Butch Cordora, portrait of Butch, archival print on canvas

Absolution Lab, opening Sept. 2 at  Ven and Vaida Gallery, worships at the altar of celebrity and kneels before the cult of Pop. The creative gesture is sacrificed without an ounce of guilt, high concept its redemption. Both the dead and living roam within this series clad in acid-technicolor skins designed to match your curtains, couch or rug — and they will. These works are an authentic voice of arrested development; that’s not a pejorative as much as it is a fact: Appropriation art is an act of arrested development — there’s no looking forward; appropriation art looks back.

Butch is very careful when choosing an image to appropriate; he talks with passion about the hunt for just the right one. For insistence, Paris Hilton framed in a car window while being allegedly arrested for drug possession. The insight into this image surprised me, but I’m not sure why. “There’s nothing new under the sun” is a theory/cliché that has always made me uncomfortable; something about the theory reeks of low self-esteem; it presupposes there’s no reason to invent something new. But artists like Butch, who don’t invent anything new but recycle old images or ideas, may actually reflect the human condition as it really exists — a cyclical prison.

Corey Armpriester-What were your influences in making “Absolution Lab”?
Butch Cordora- It’s Warhol, Shepard Fairey, Bansky, I suppose its contemporary appropriators, but it speaks to Warhol more than anything.

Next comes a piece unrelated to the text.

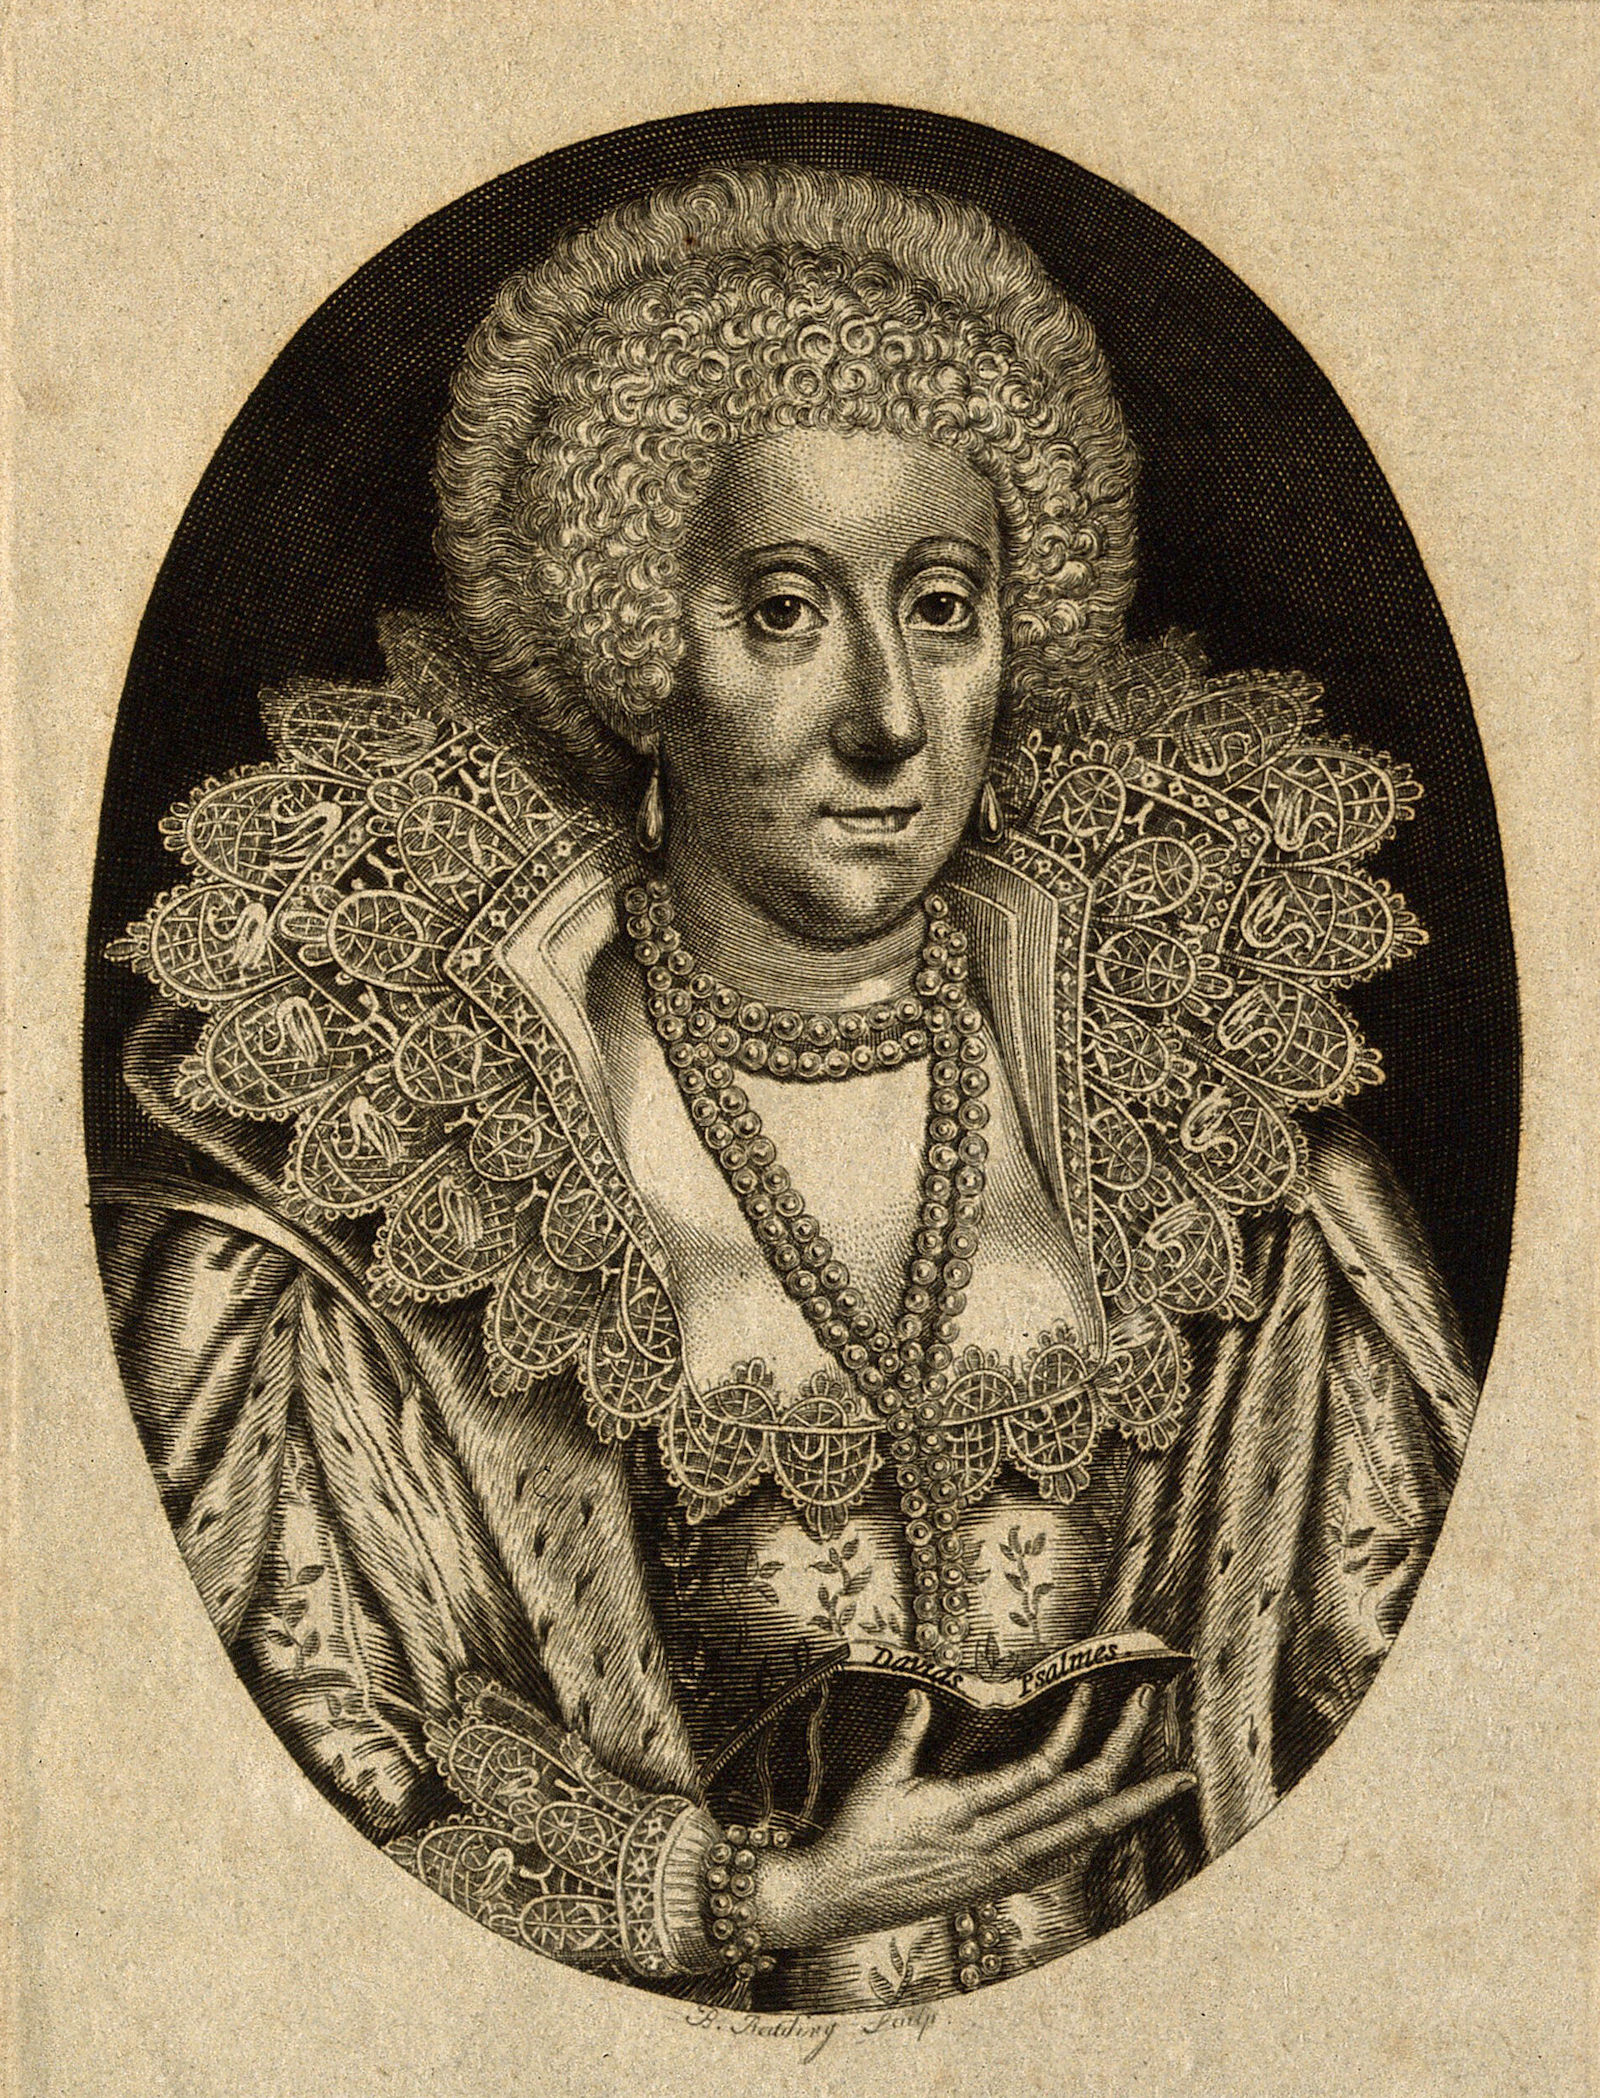 Mary Sidney Herbert, Countess of Pembroke, line engraving by B. Reading after S. van der Passe. Wellcome Collection. Public Domain.

Butch Cordora, Paris Hilton, archival print on canvas

What’s your interest in Warhol about?
He speaks to the way I do art. I love the idea of manipulating something that already exists to make it your own, I find it fascinating.

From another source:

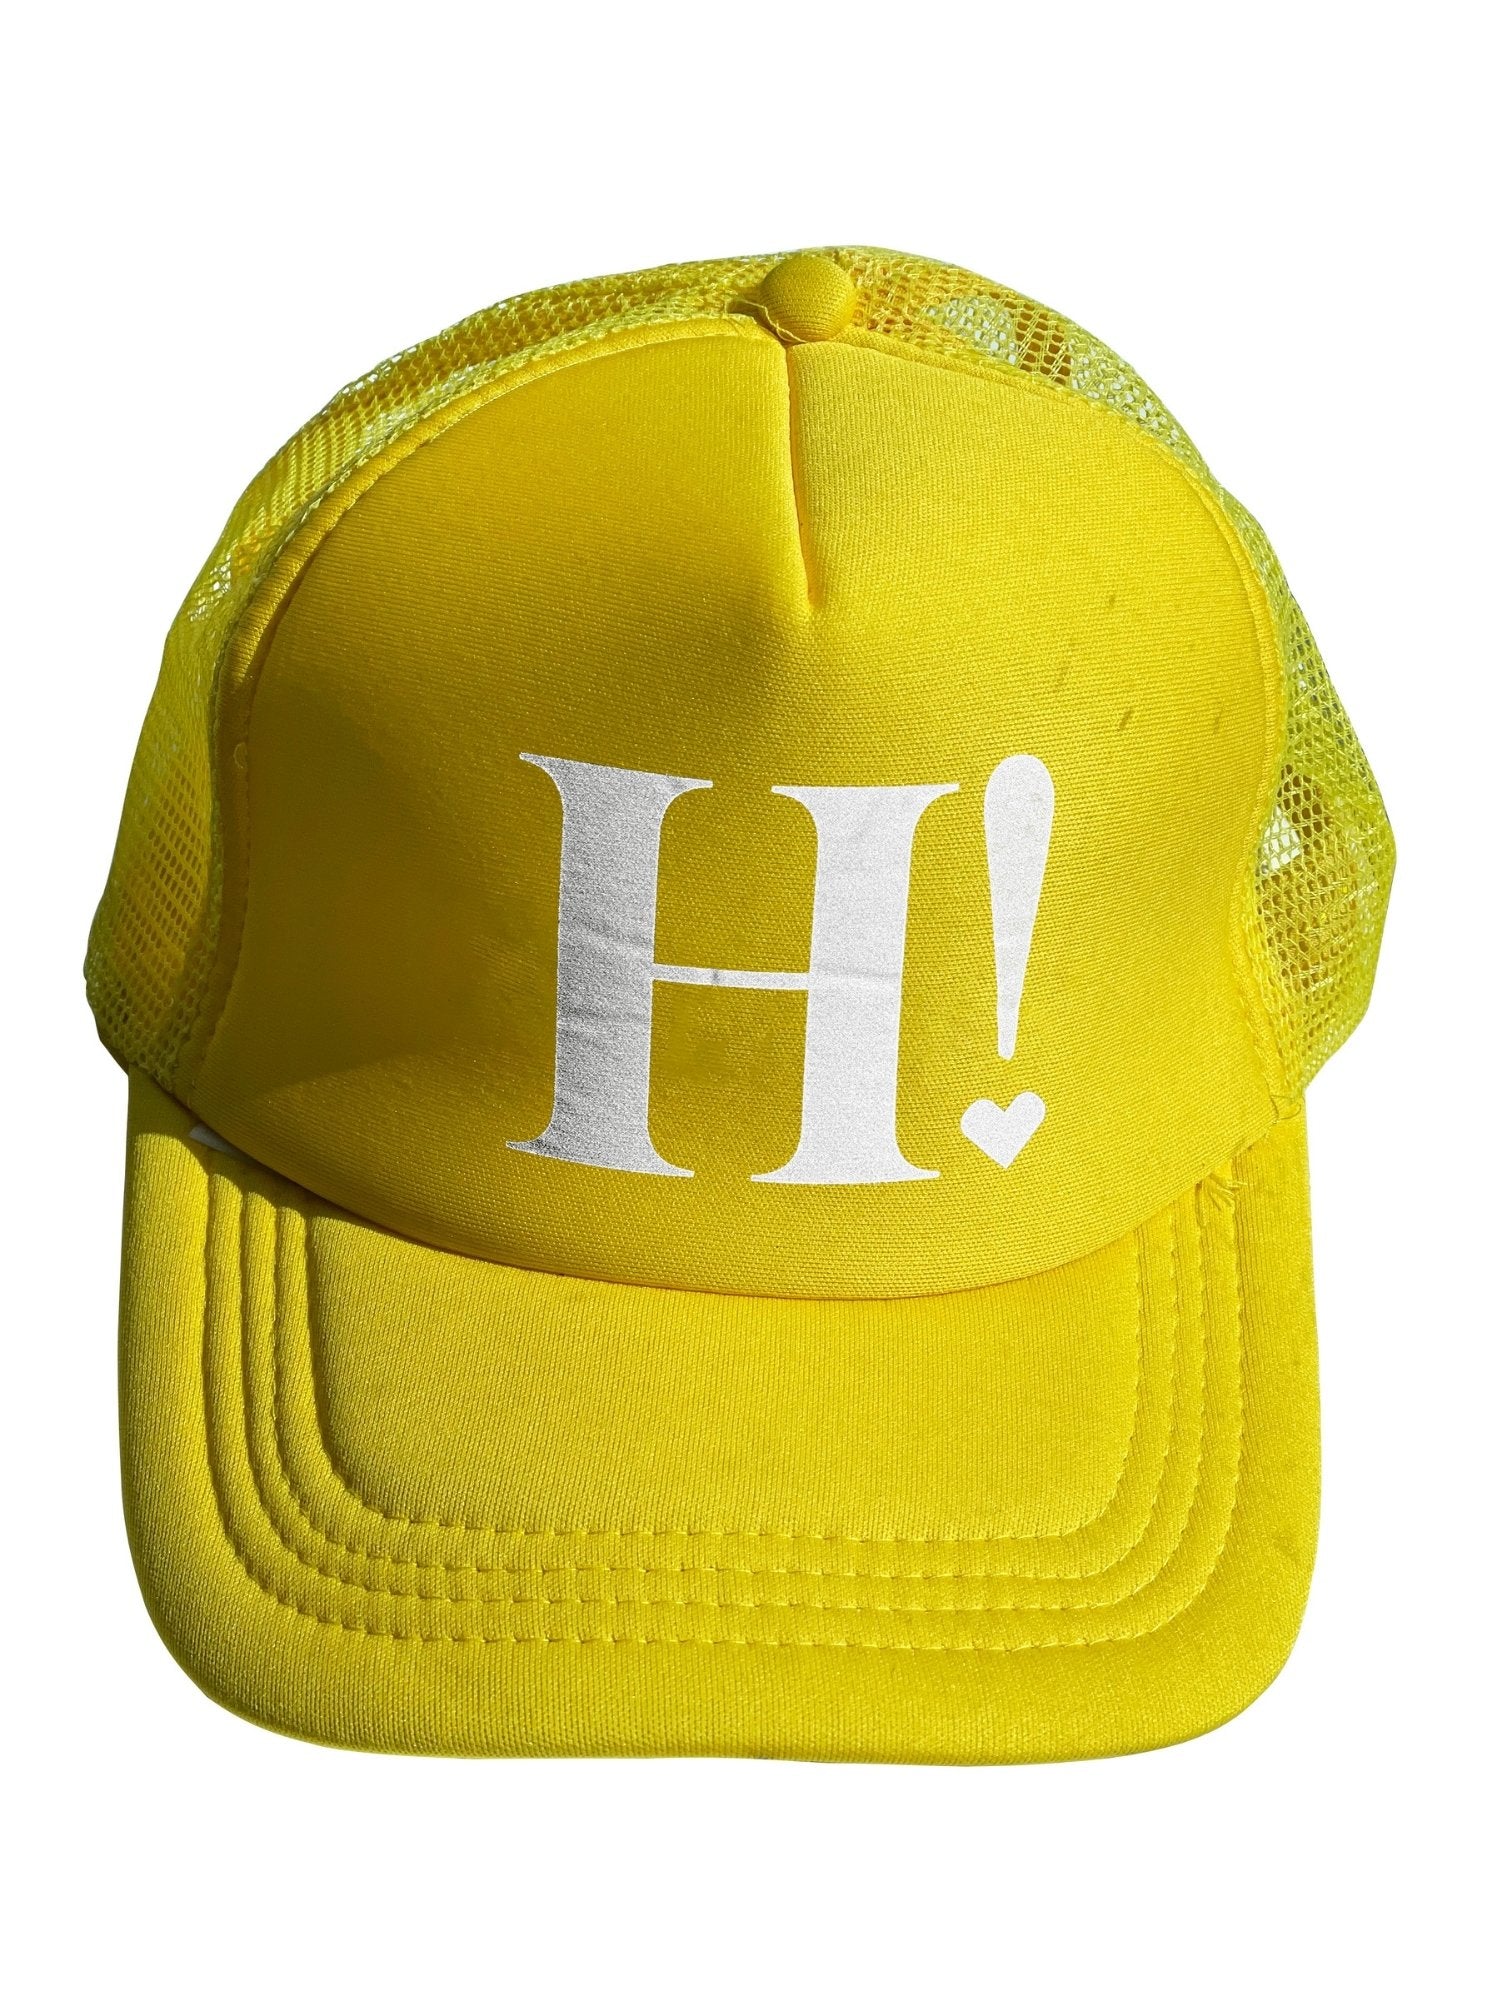 Travel Hat - Daffodil Yellow with White "H!"

How long have you been making art?
A good five years.

You were also an actor?
Throughout the late 80s and 90s, I did film, theater and TV commercials, I was an extra in every Bruce Willis film that came through Philly in the 90s.

Did you have management?
No, I never joined SAG (Screen Actors Guild); just lots of extra work. I would say the height of my acting career came in the form of a play at Plays and Players Theater called Ten Naked Men. It was a comedy and I played a porn director. We went on tour for six months and I was working with people like Ryan Idol and Jeff Stryker.

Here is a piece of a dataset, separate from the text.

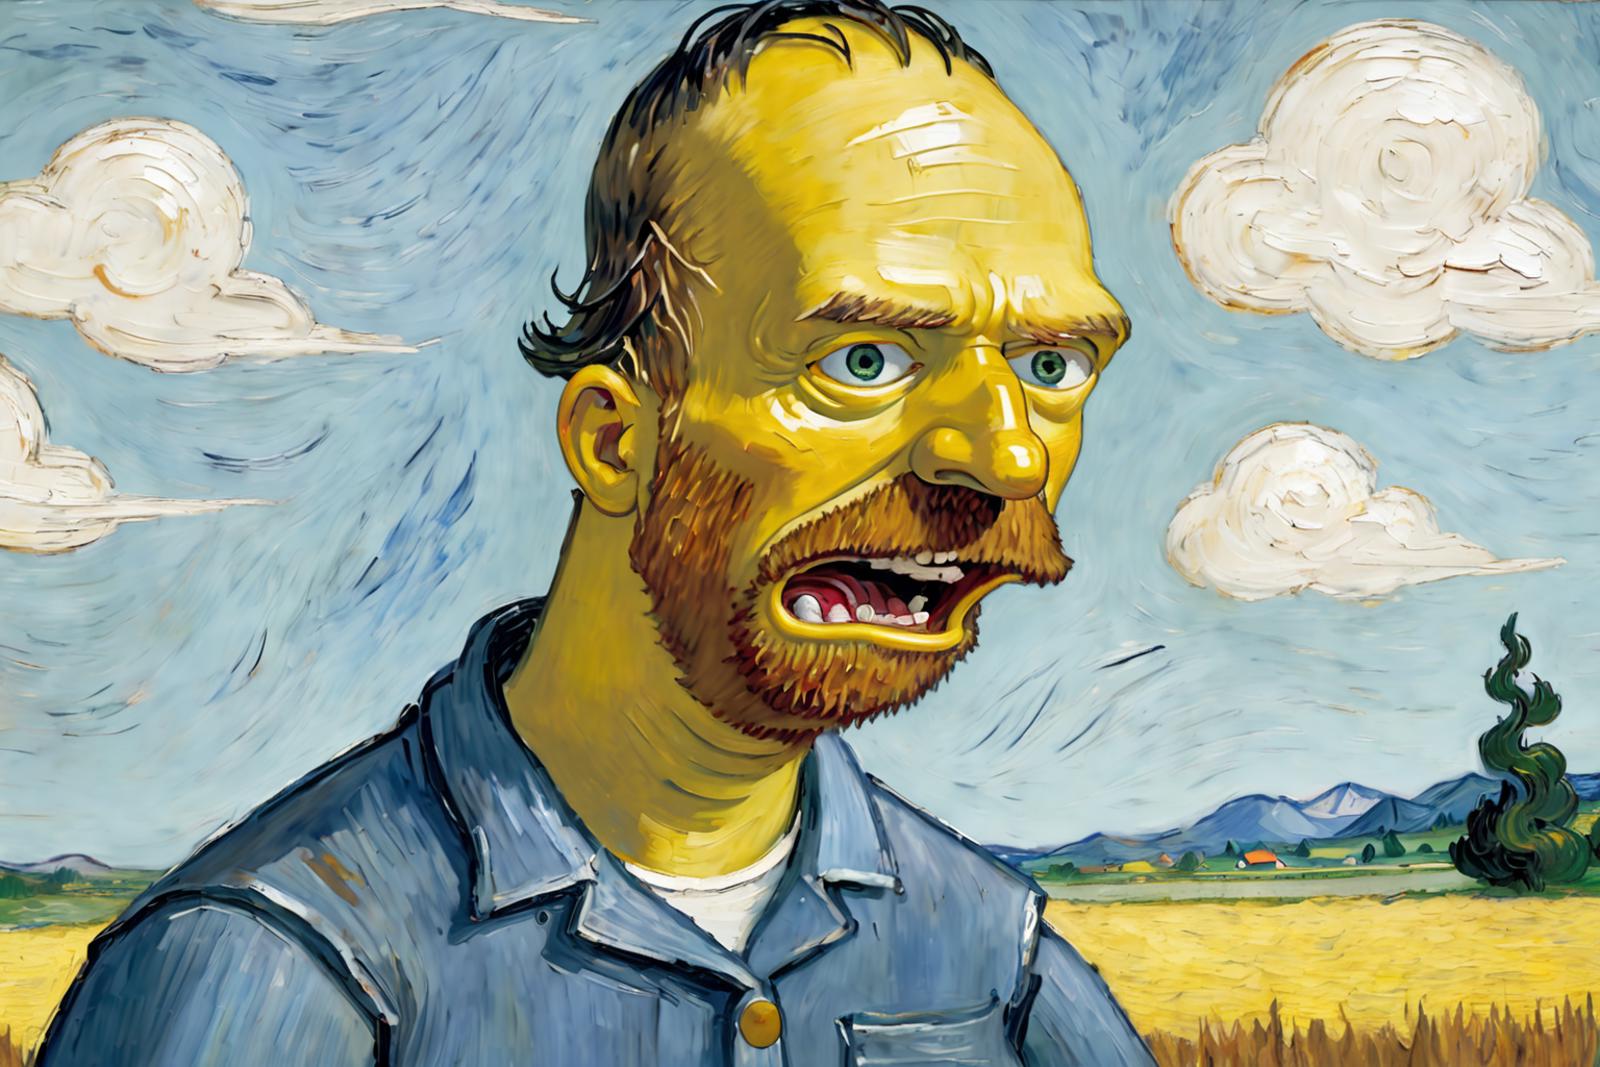 A painting of a man with a red beard and mustache screaming in front of a blue sky with clouds.

What happened to your talk show In Bed With Butch?
Two things happened in 08 — the economy was a big factor. I went from eight or nine sponsors down to one. In one season, the bottom just fell out. Before that, my budget was so high I could bring celebrities down from NYC, give them hotel rooms, feed them and pay for travel.

Butch Cordora, Roman Polanski, archival print on canvas

What is your day job?
My day job is, I’m a  home health care aid for a disabled man in Center City, little bit nanny, little bit nurse, little bit assistant. It’s a great job and I love it.

Who represents your art in Philadelphia?
Karen Green who’s the owner of Ven and Vaida Gallery, she’s been representing my work for one year and we’ll see how this new show goes and see if she wants to keep me on, if the show is a success.

What’s the criteria for success?
Success is how much you sell mixed with the press.

Butch Cordora, Diana's car, archival print on canvas

The work in Absolution Lab is very celebrity-centric, what’s the fascination there?
They make for good fodder, for art.

Is the world of celebrity being used to distract us from real world issues?
It certainly seems that way doesn’t it, but as a society, we are to blame.

Is Absolution Lab challenging that?
I hope its commentary on it, I’m sure I’m perpetuating it in a way.

How do you cultivate your own celebrity?
I don’t have a formula, I’m putting one foot in front of the next, I don’t really have a plan.

Where do you source your materials?
Everywhere and anywhere, popular culture.

Butch Cordora, Amy Winehouse, archival print on canvas

You added one last piece to the Absolution Lab series, a portrait of Amy Winehouse, why was she brought into the fold?
A little too soon? It was too perfect.

When was the last time you behaved badly?
I don’t know, I’m boring.

I don’t believe that for a second.
I’m a little slutty but is that behaving badly? I really don’t do anything; I’m 51 years old I’m not a kid. I’m a responsible adult with a full time job taking care of another human being.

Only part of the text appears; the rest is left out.